*LISTED ENTRIES*
•••••

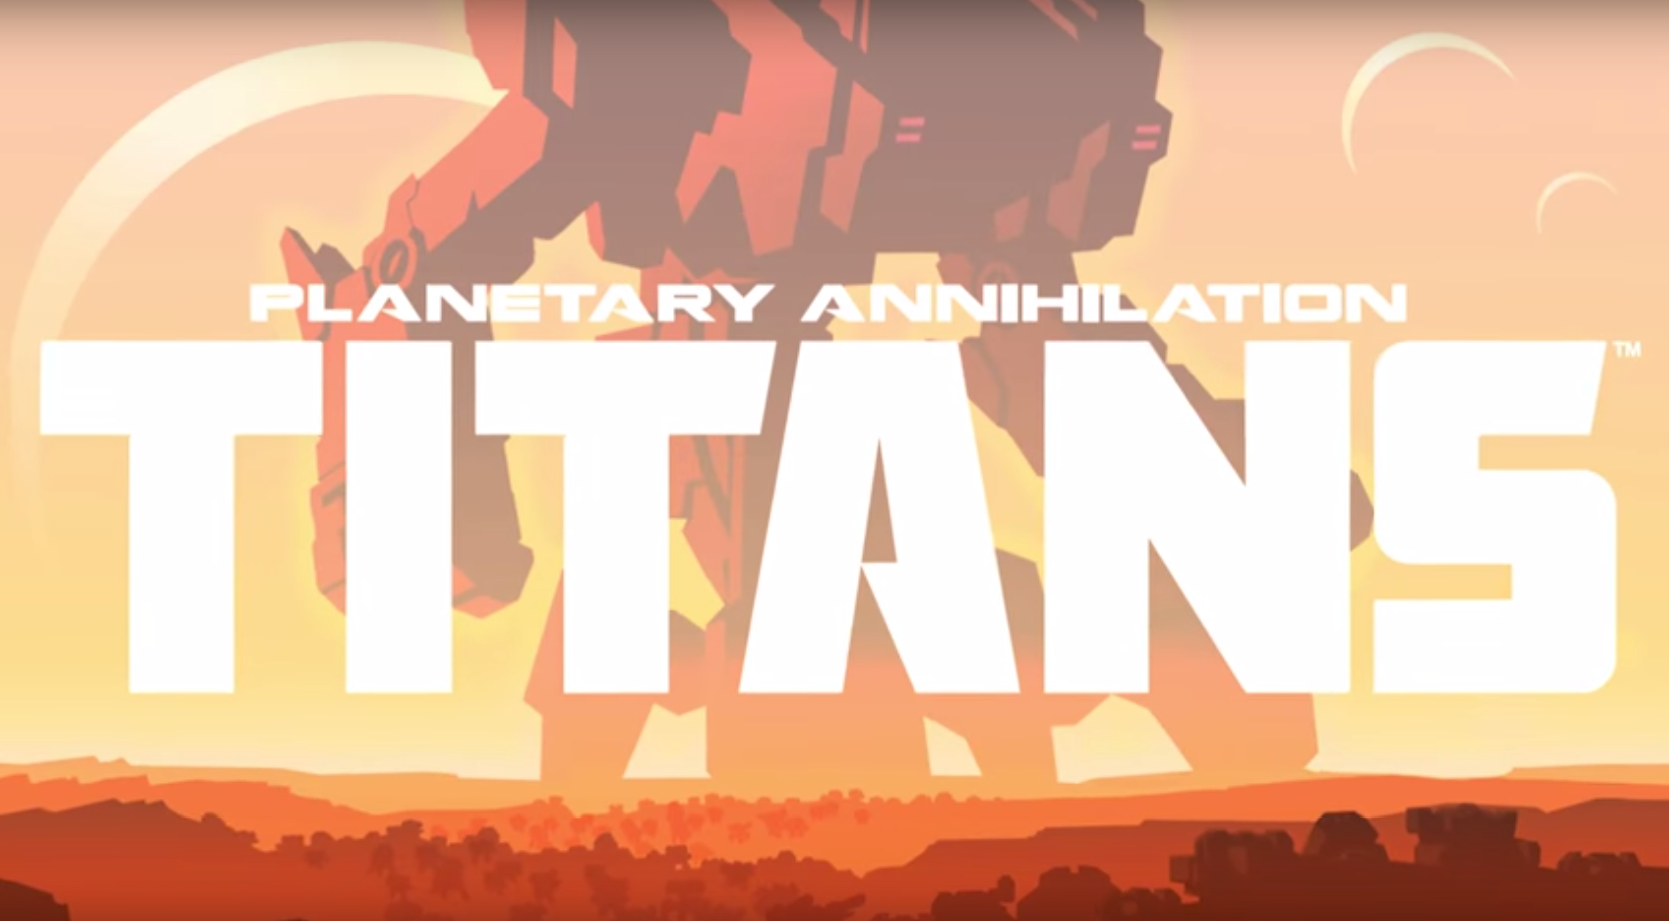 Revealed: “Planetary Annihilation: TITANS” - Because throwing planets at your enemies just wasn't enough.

•••••

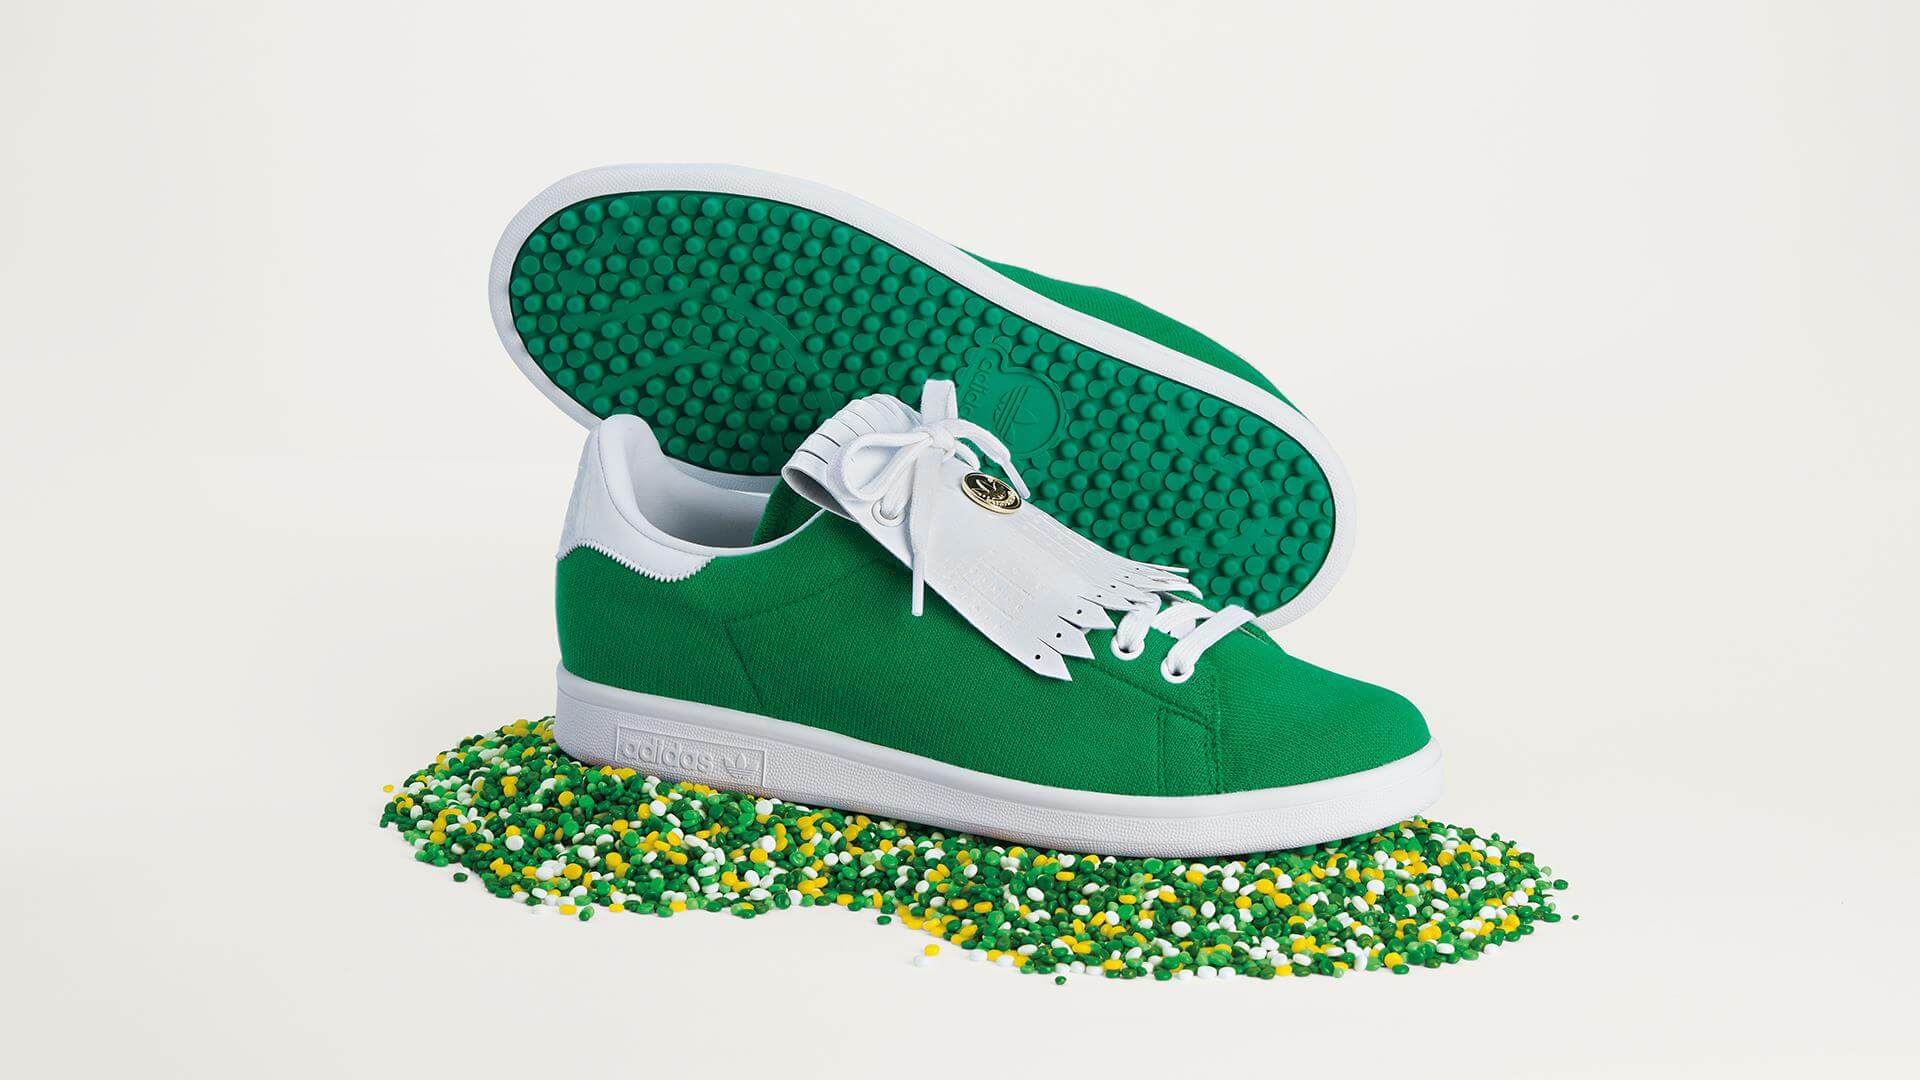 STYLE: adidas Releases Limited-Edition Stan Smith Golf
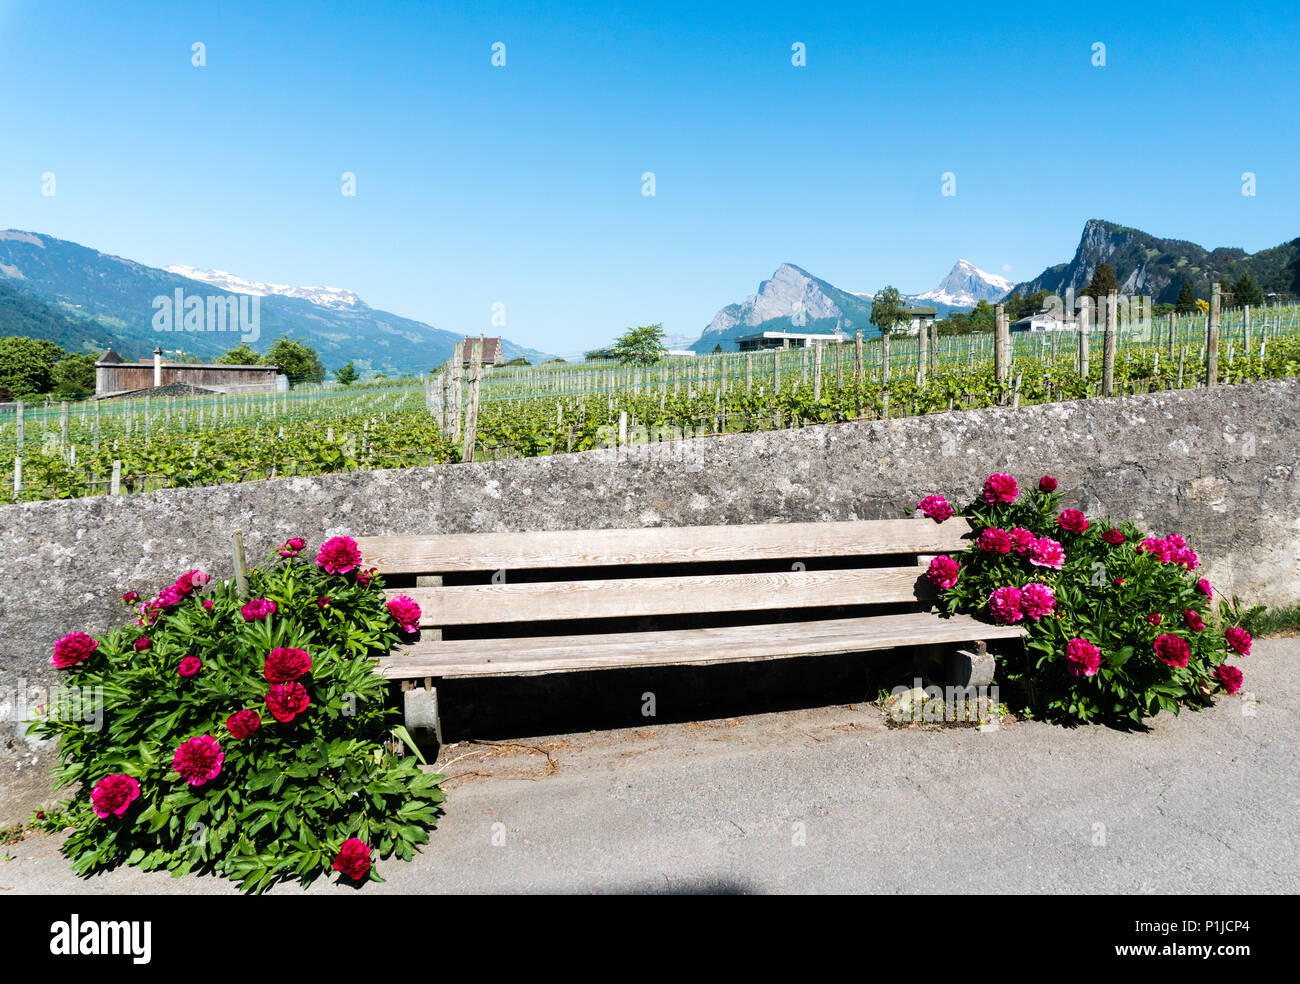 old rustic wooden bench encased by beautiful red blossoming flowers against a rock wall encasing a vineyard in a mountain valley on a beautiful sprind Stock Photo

•••••

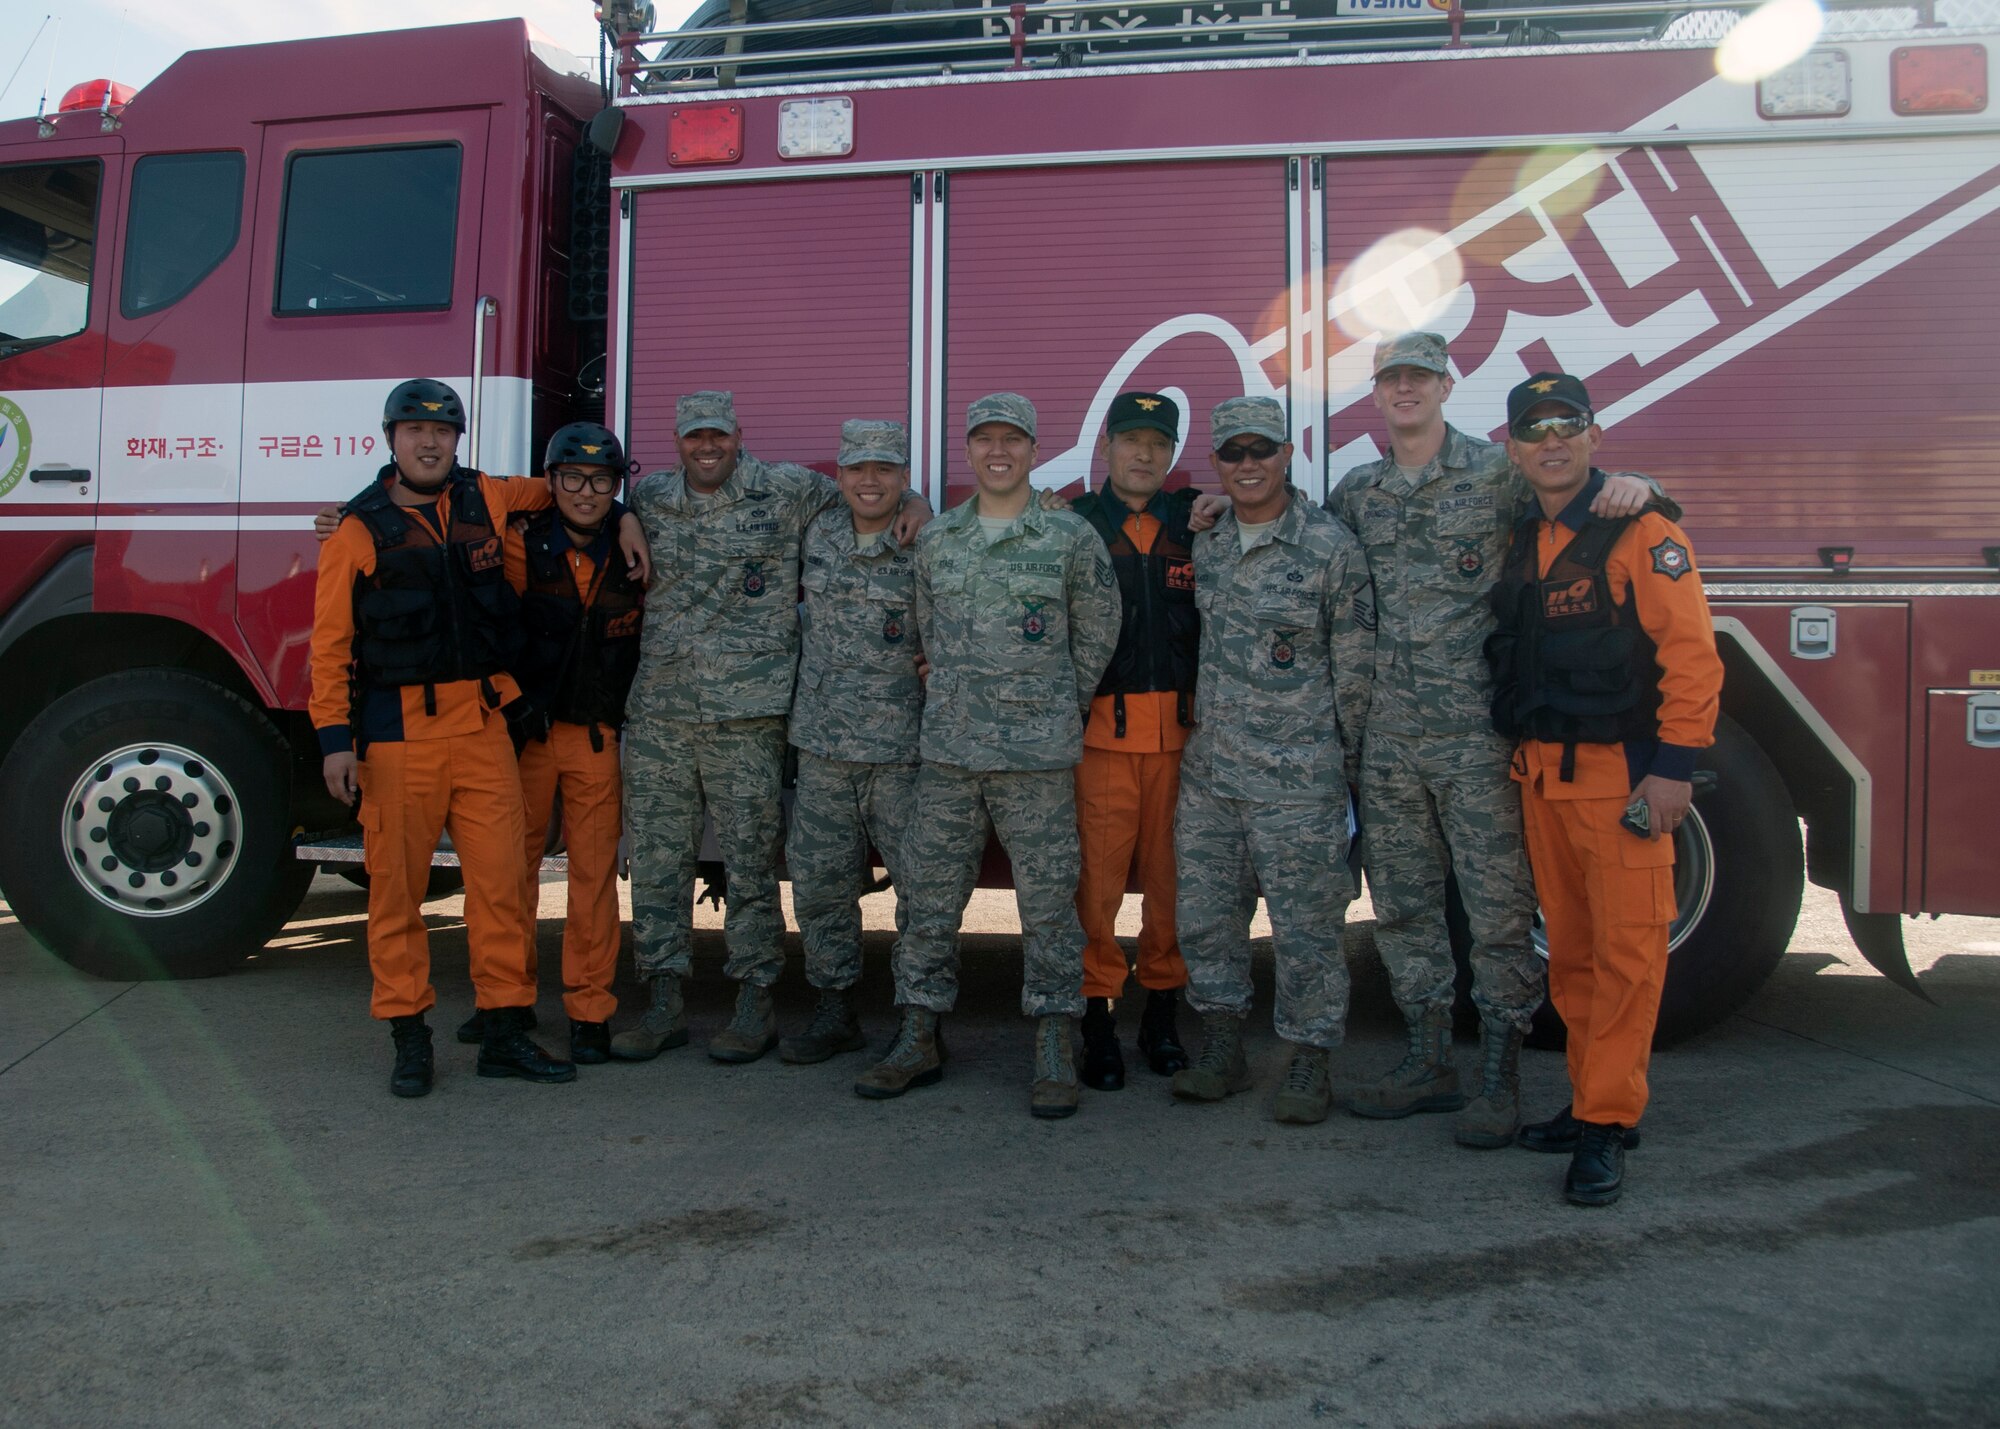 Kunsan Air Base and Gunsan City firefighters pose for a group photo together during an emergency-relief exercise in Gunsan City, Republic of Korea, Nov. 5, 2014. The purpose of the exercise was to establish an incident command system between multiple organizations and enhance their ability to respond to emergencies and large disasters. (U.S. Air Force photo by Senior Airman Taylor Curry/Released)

•••••

*EXERCISE GOAL*
Retype, exactly and with no pictures, everything above from the line with "STYLE: adidas Releases" down to the line with "old rustic wooden", both included.

*RESPONSE TO THE TASK*
 STYLE: adidas Releases Limited-Edition Stan Smith Golf
 old rustic wooden bench encased by beautiful red blossoming flowers against a rock wall encasing a vineyard in a mountain valley on a beautiful sprind Stock Photo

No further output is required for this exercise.